[What is required] Start to finish, retype the entries exactly while omitting the pictures.

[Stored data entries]

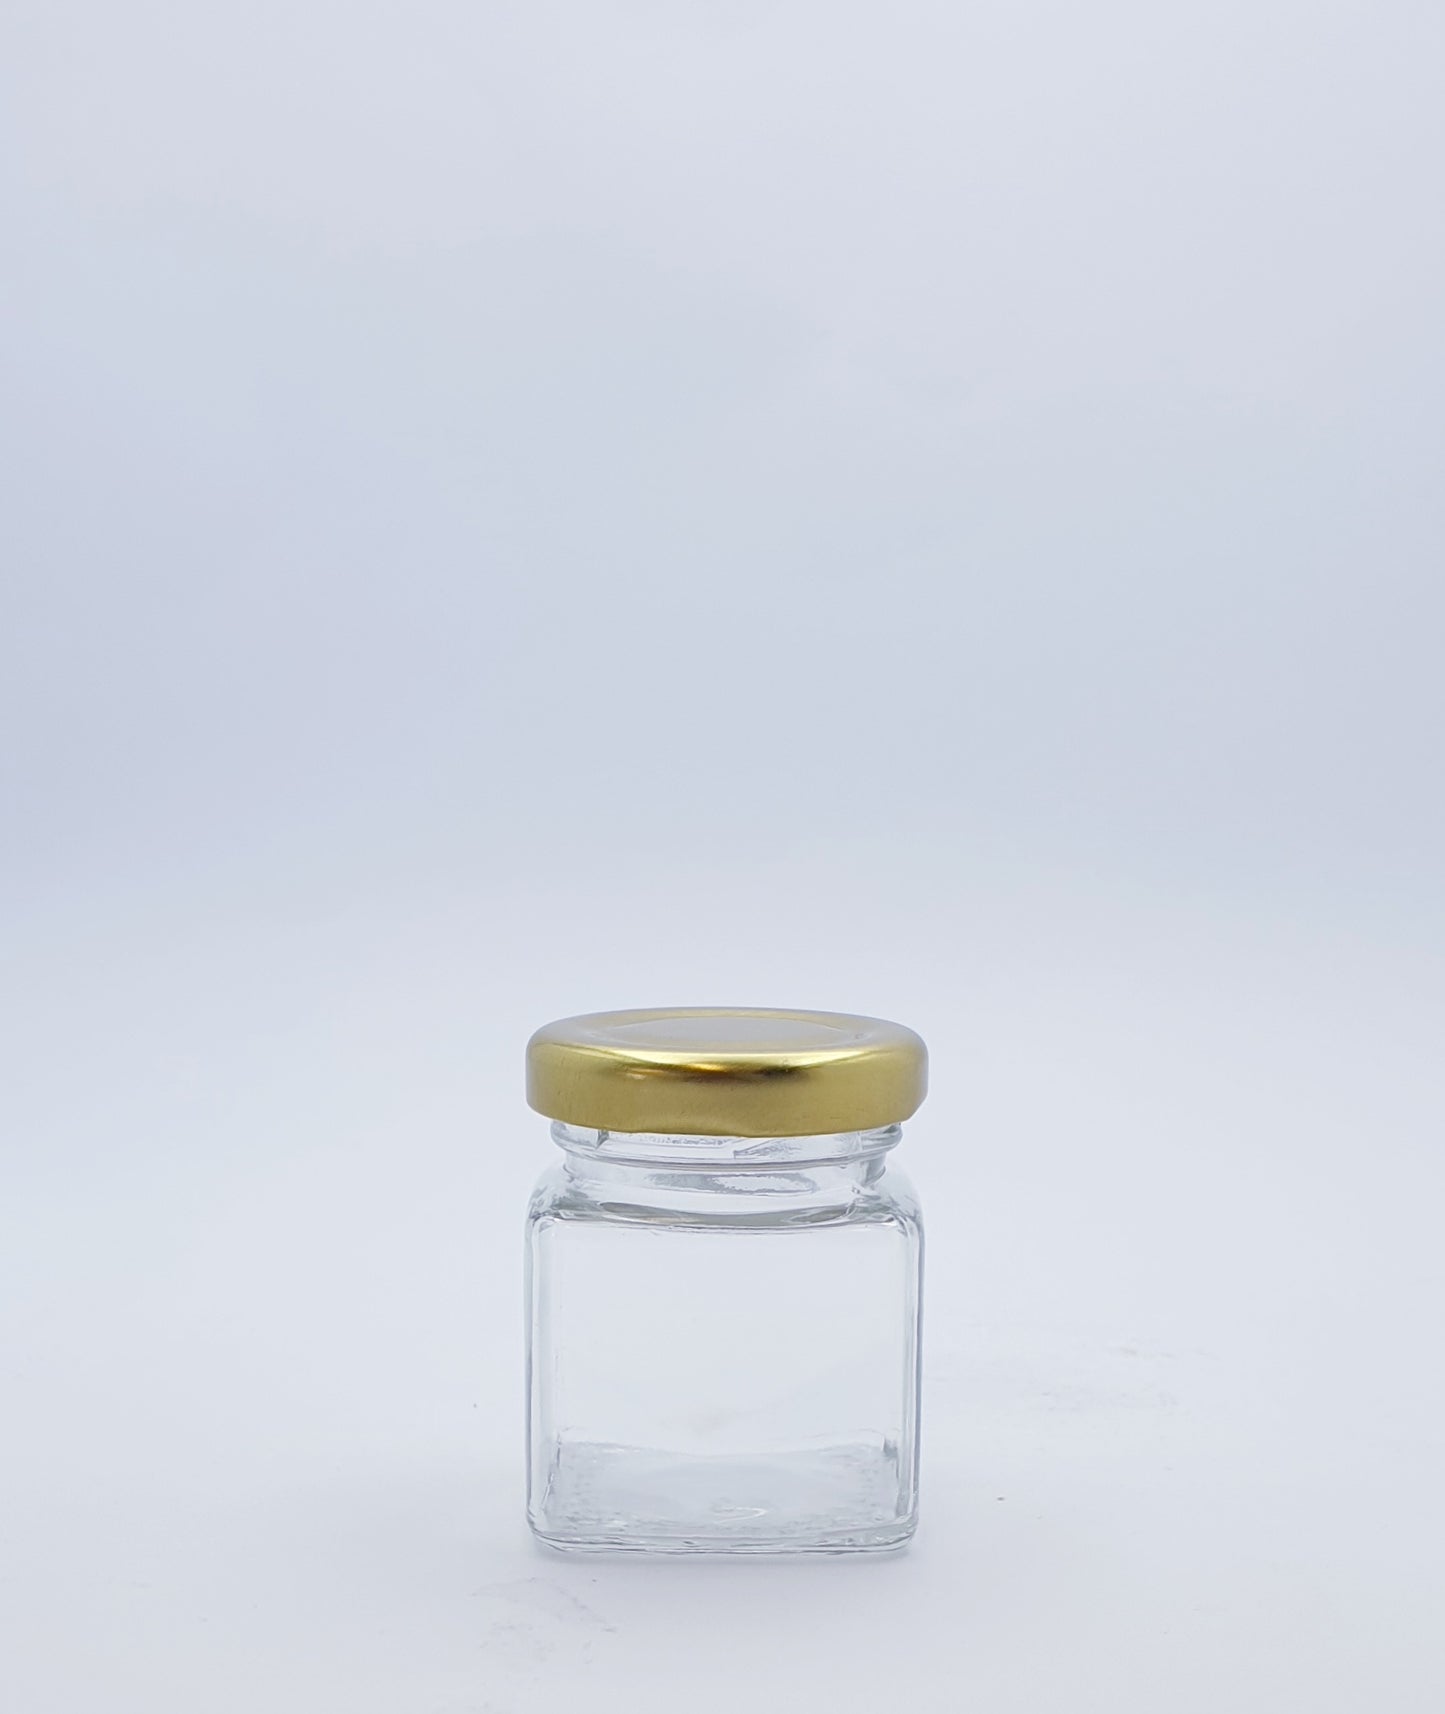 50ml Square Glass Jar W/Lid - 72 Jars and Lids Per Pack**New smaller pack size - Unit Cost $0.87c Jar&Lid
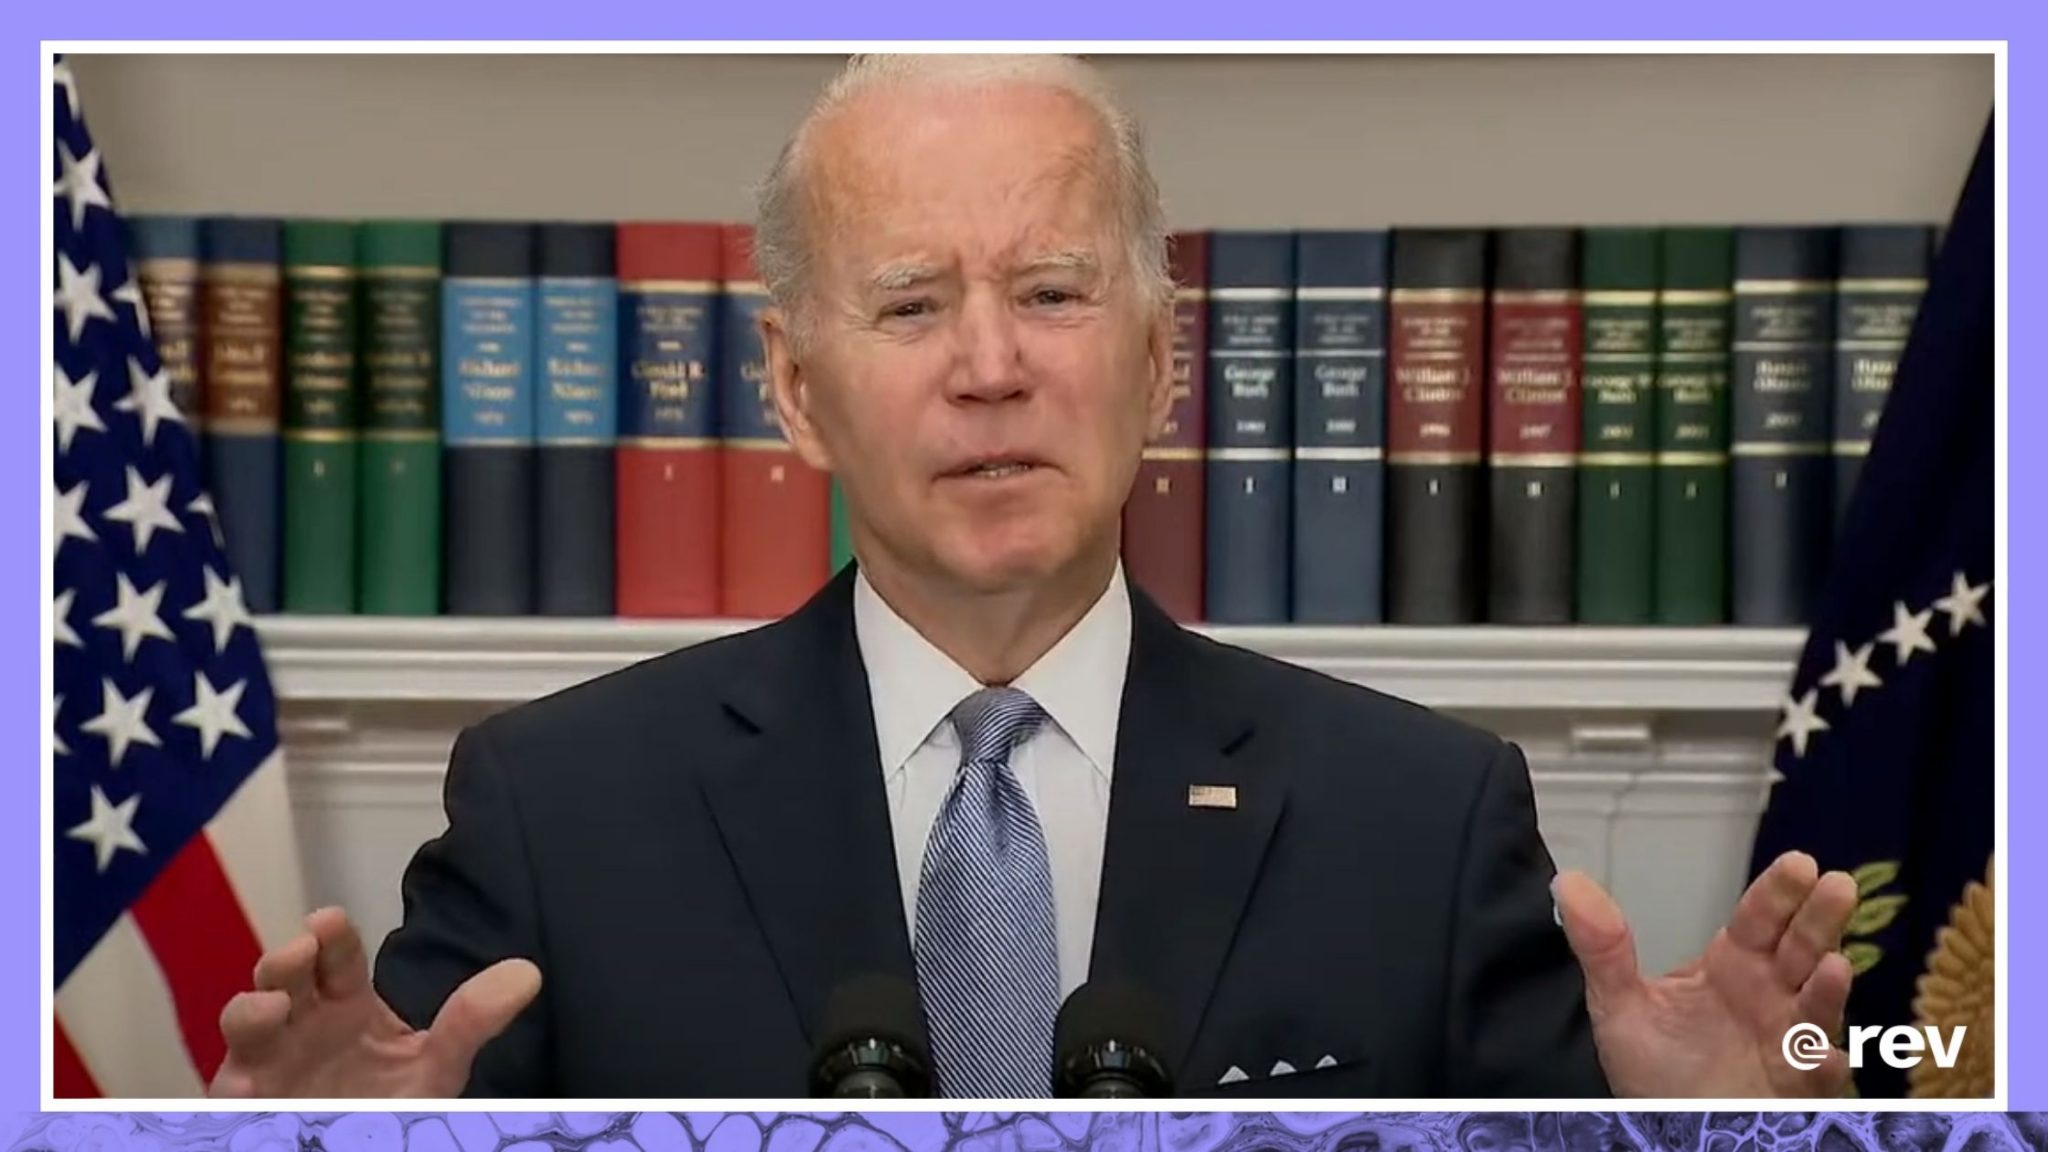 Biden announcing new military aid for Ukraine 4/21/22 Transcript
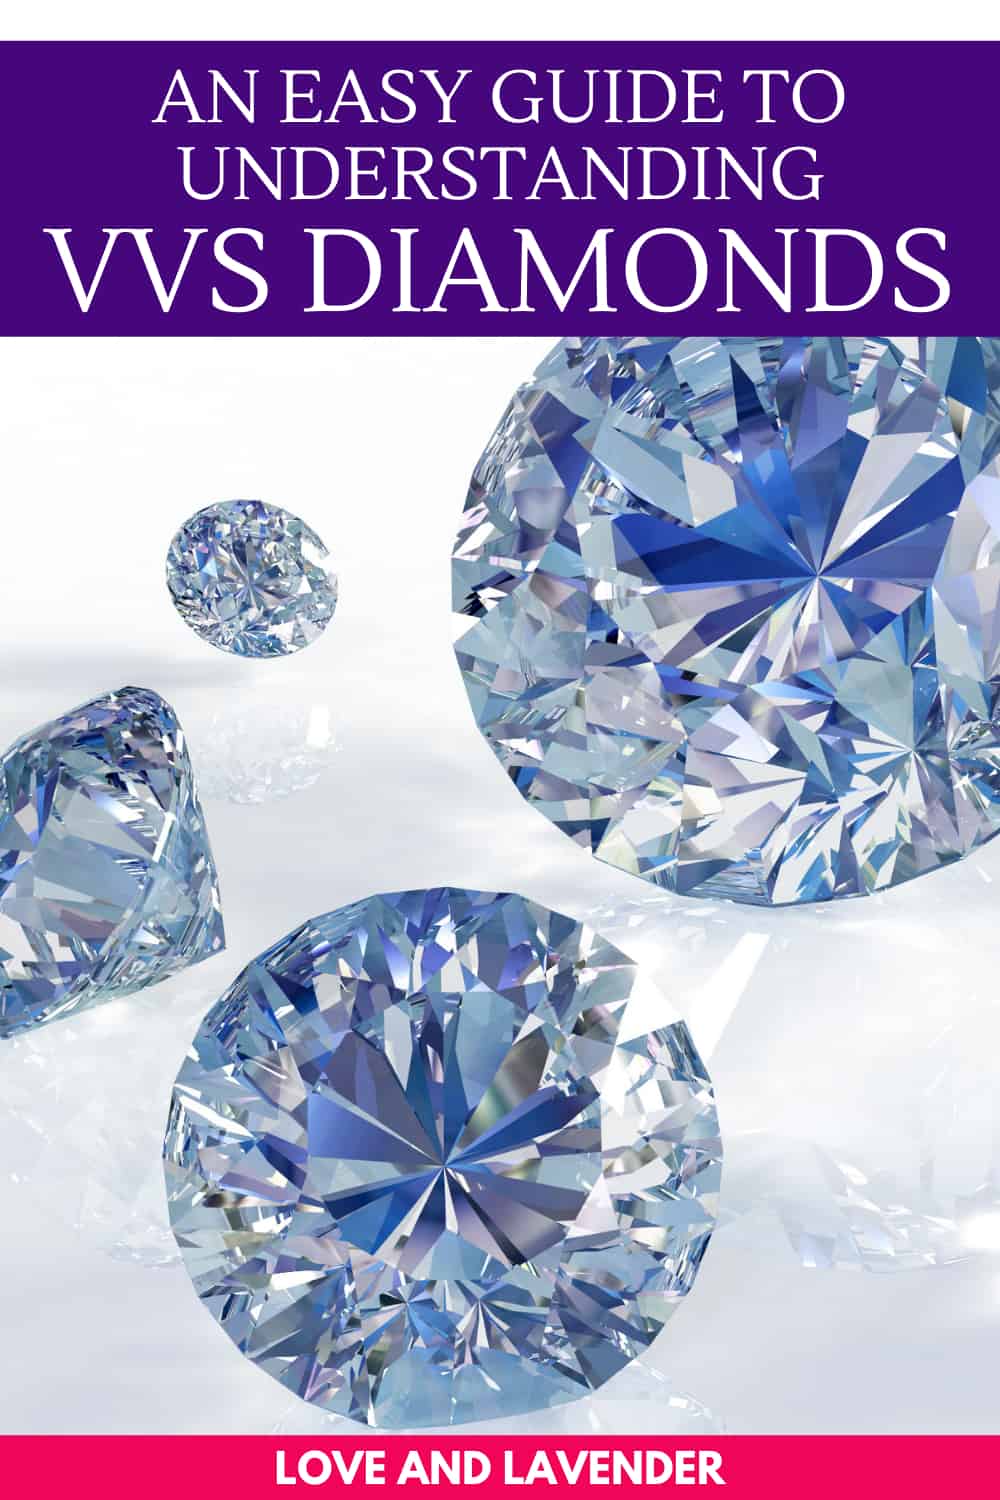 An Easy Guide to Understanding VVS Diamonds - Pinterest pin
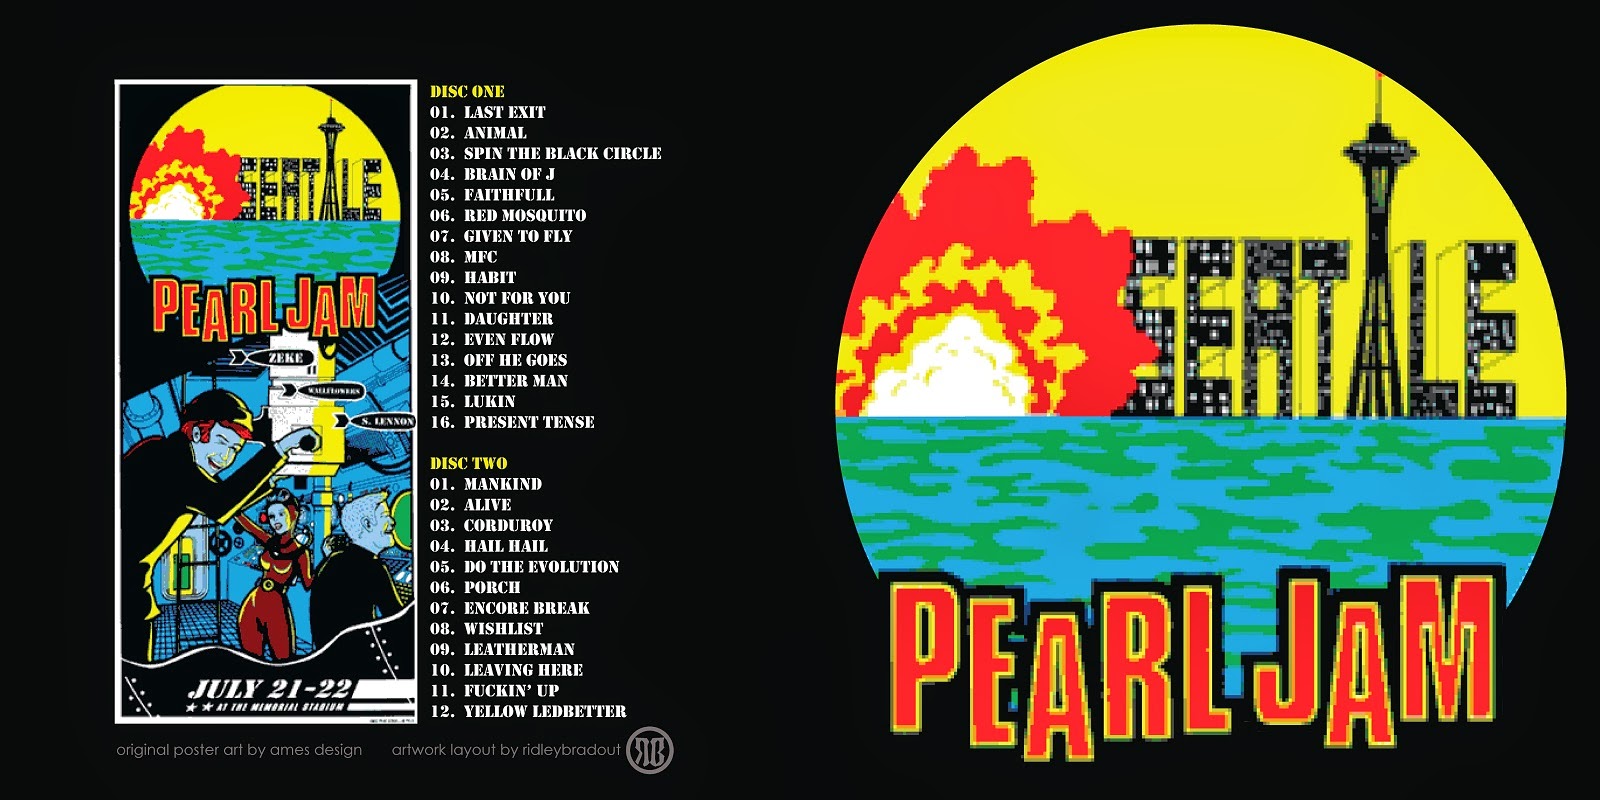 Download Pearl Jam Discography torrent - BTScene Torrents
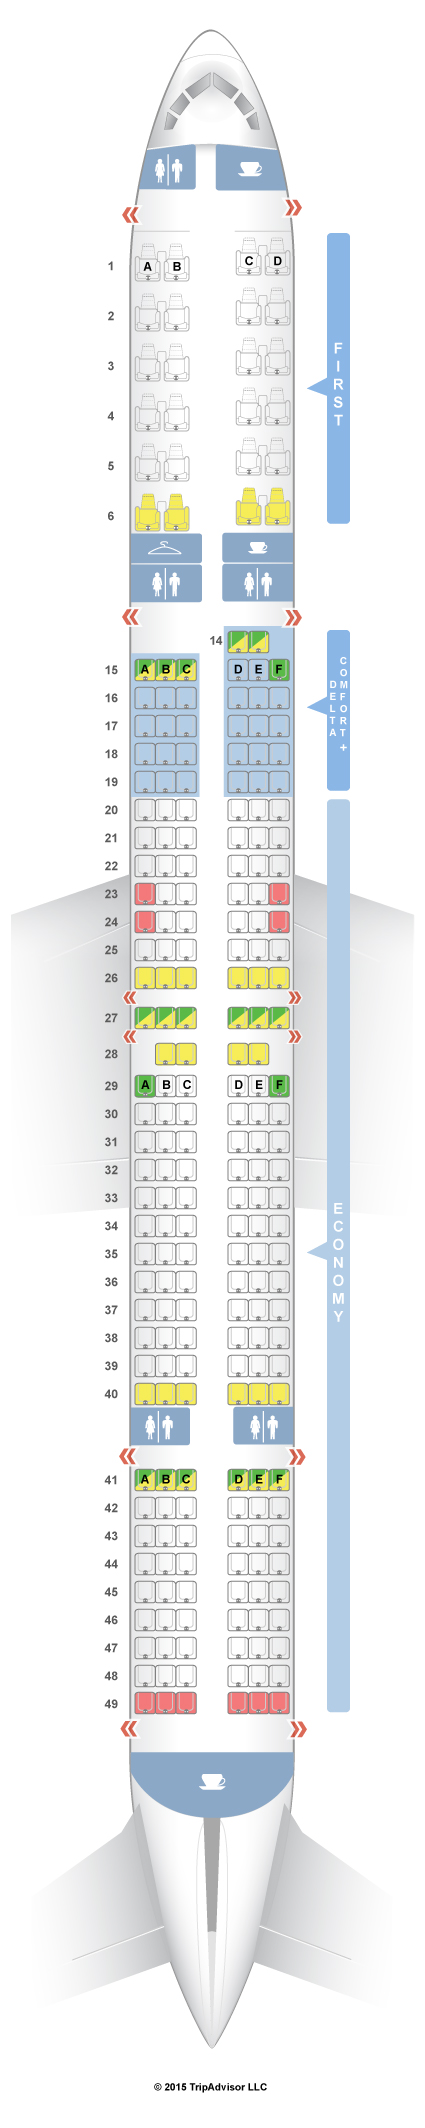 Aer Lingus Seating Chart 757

[Answer box]
 50ml Square Glass Jar W/Lid - 72 Jars and Lids Per Pack**New smaller pack size - Unit Cost $0.87c Jar&Lid
 Biden announcing new military aid for Ukraine 4/21/22 Transcript
 An Easy Guide to Understanding VVS Diamonds - Pinterest pin
 Download Pearl Jam Discography torrent - BTScene Torrents
 Aer Lingus Seating Chart 757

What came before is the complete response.